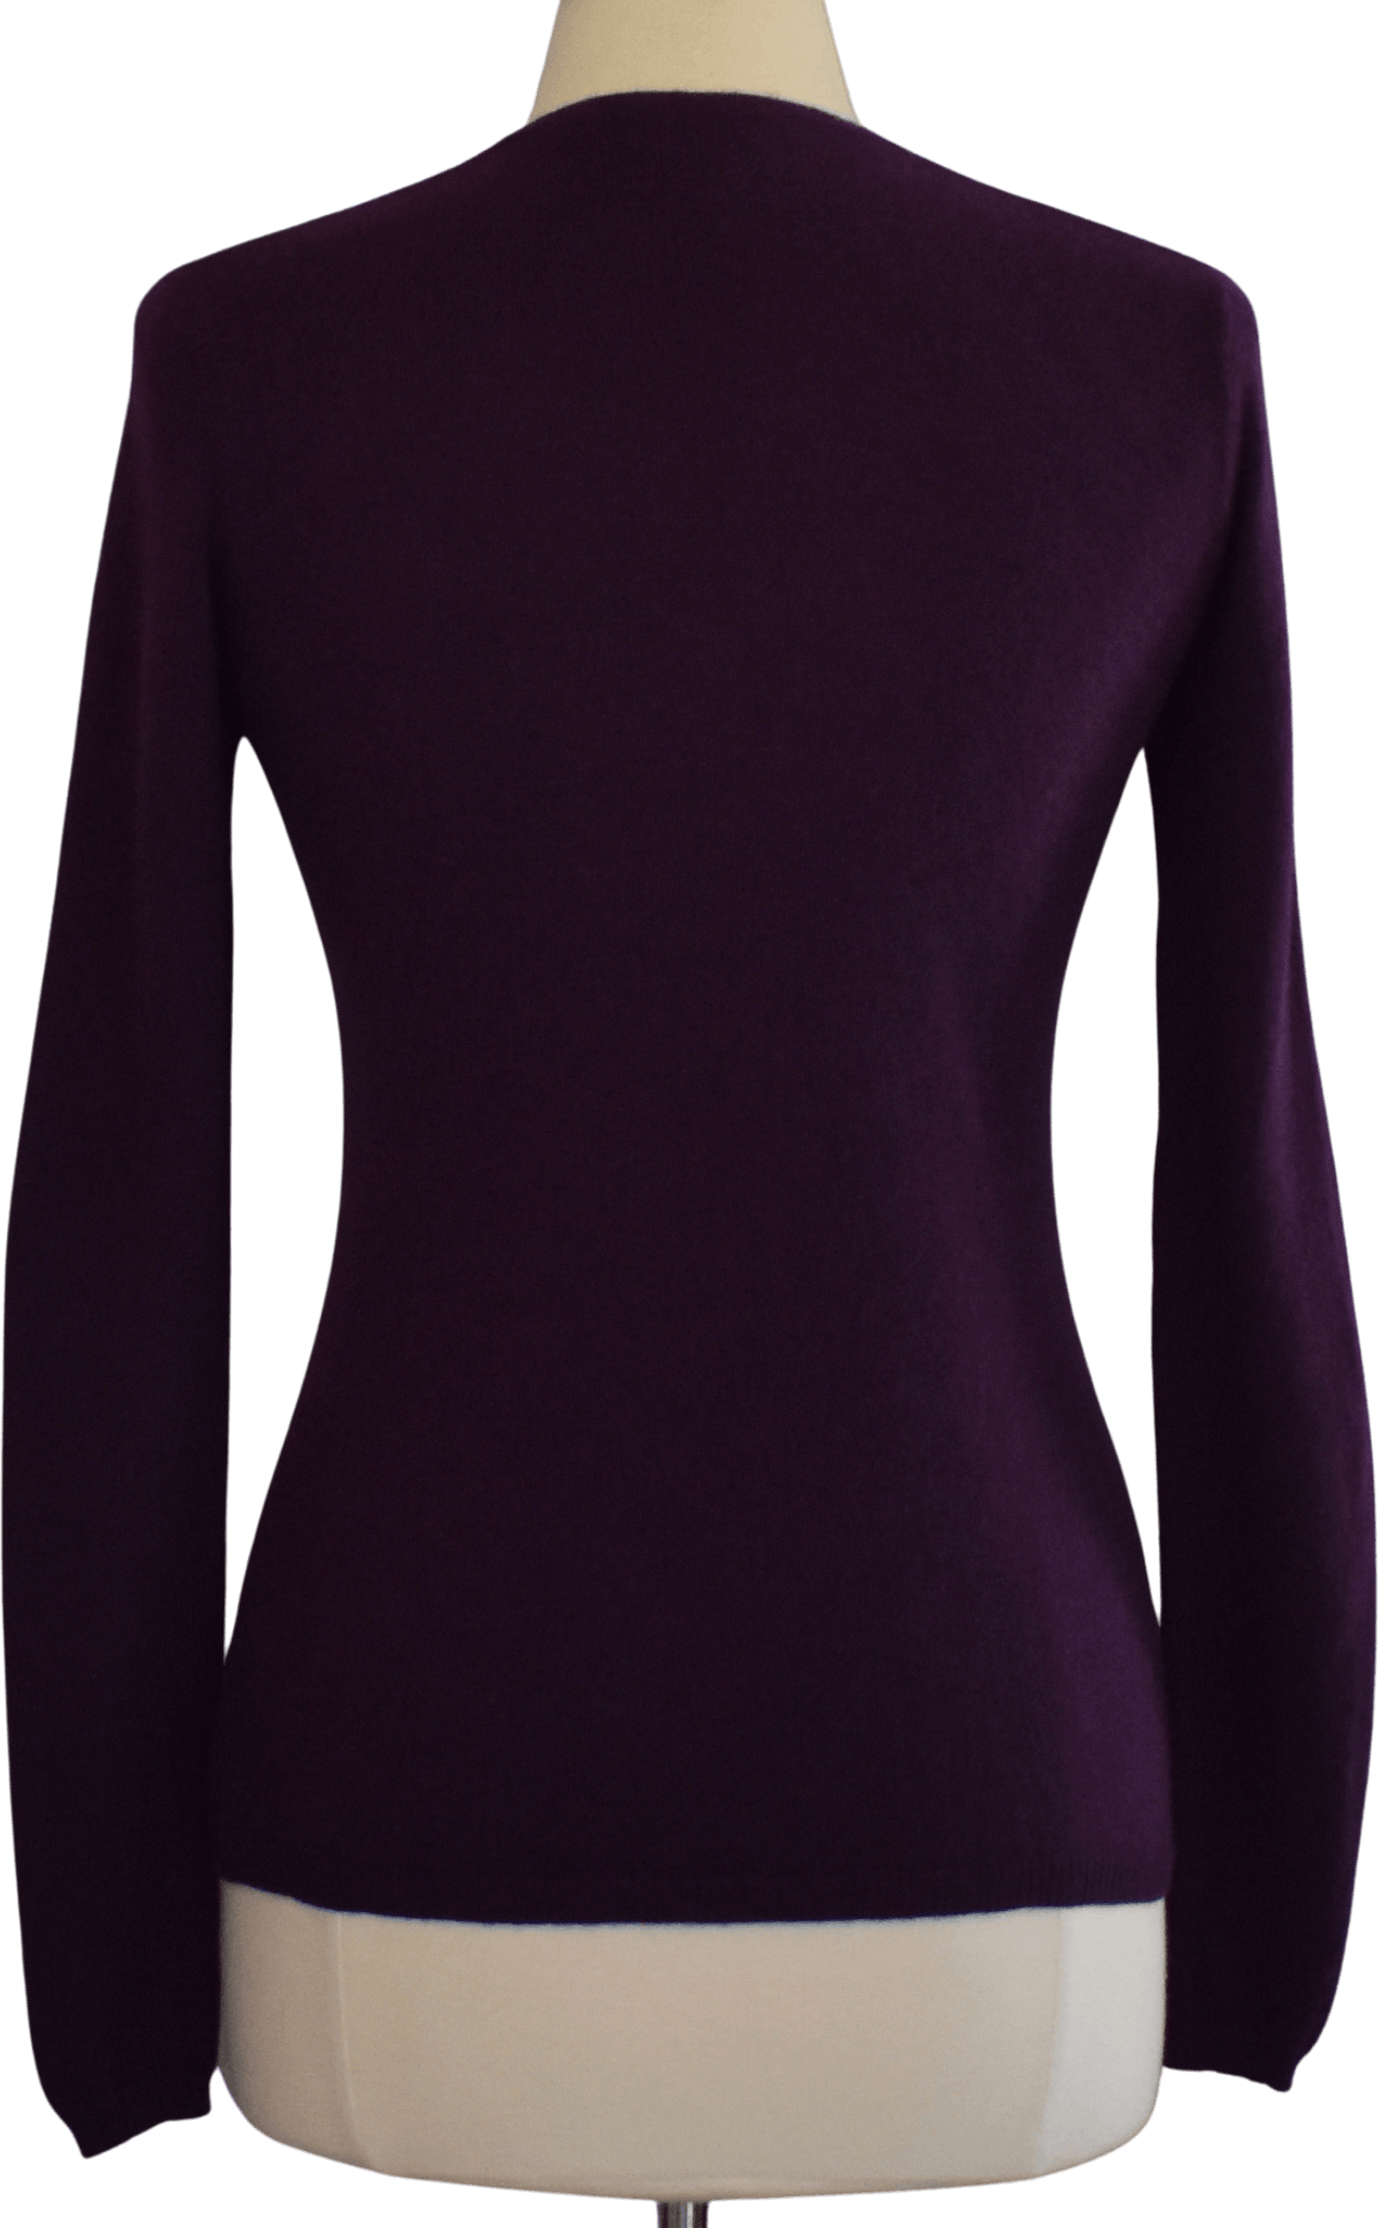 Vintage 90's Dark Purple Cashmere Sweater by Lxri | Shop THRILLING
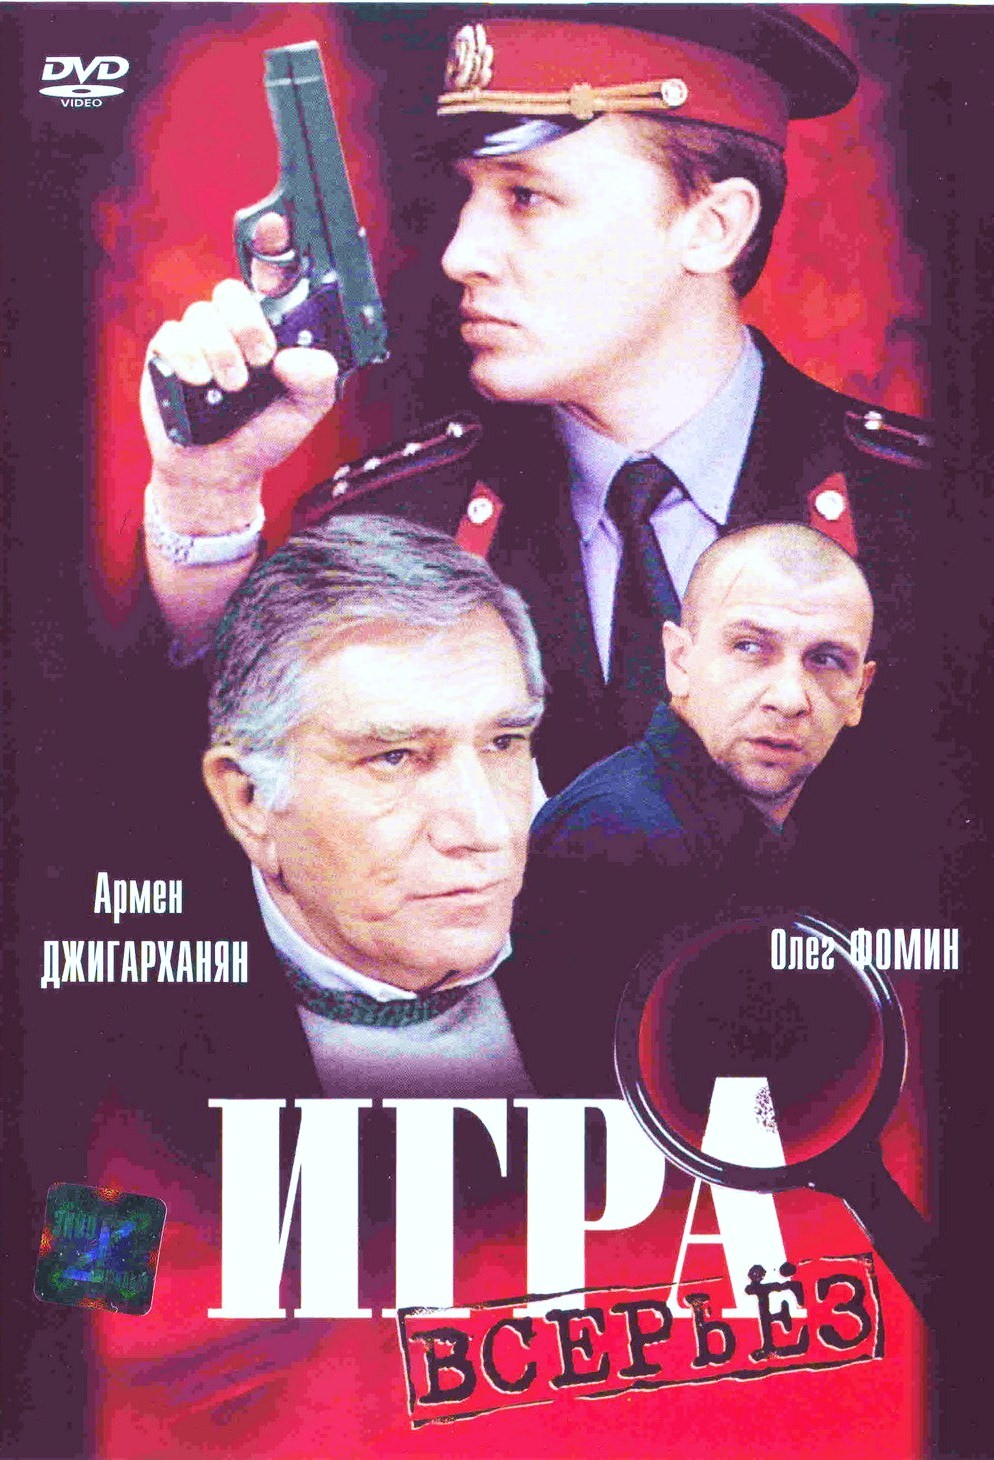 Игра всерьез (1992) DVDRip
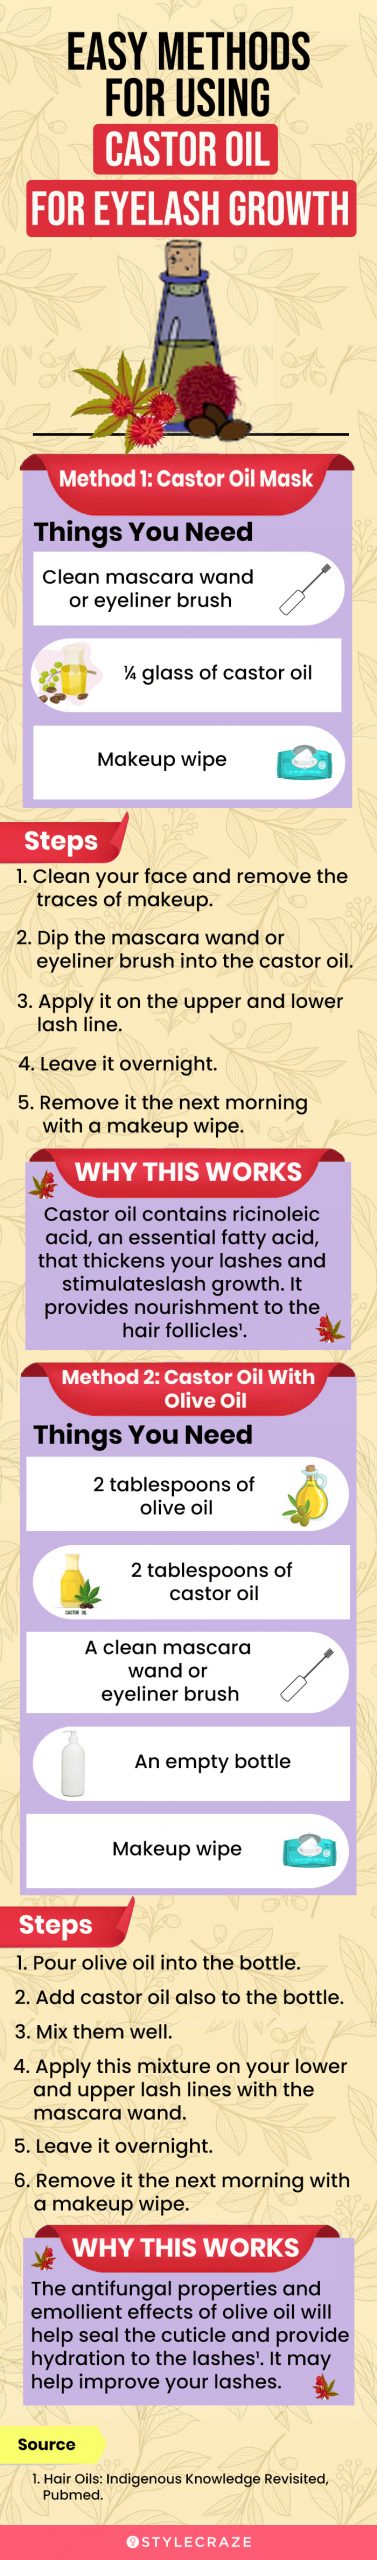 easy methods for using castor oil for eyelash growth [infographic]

■ **WHAT THE TASK ASKS**:
Without any of the pictures, reproduce the listing above exactly.

■ **OUTPUT FOR THIS EXERCISE**:
 Vintage 90's Dark Purple Cashmere Sweater by Lxri | Shop THRILLING
 Игра всерьез (1992) DVDRip
 easy methods for using castor oil for eyelash growth [infographic]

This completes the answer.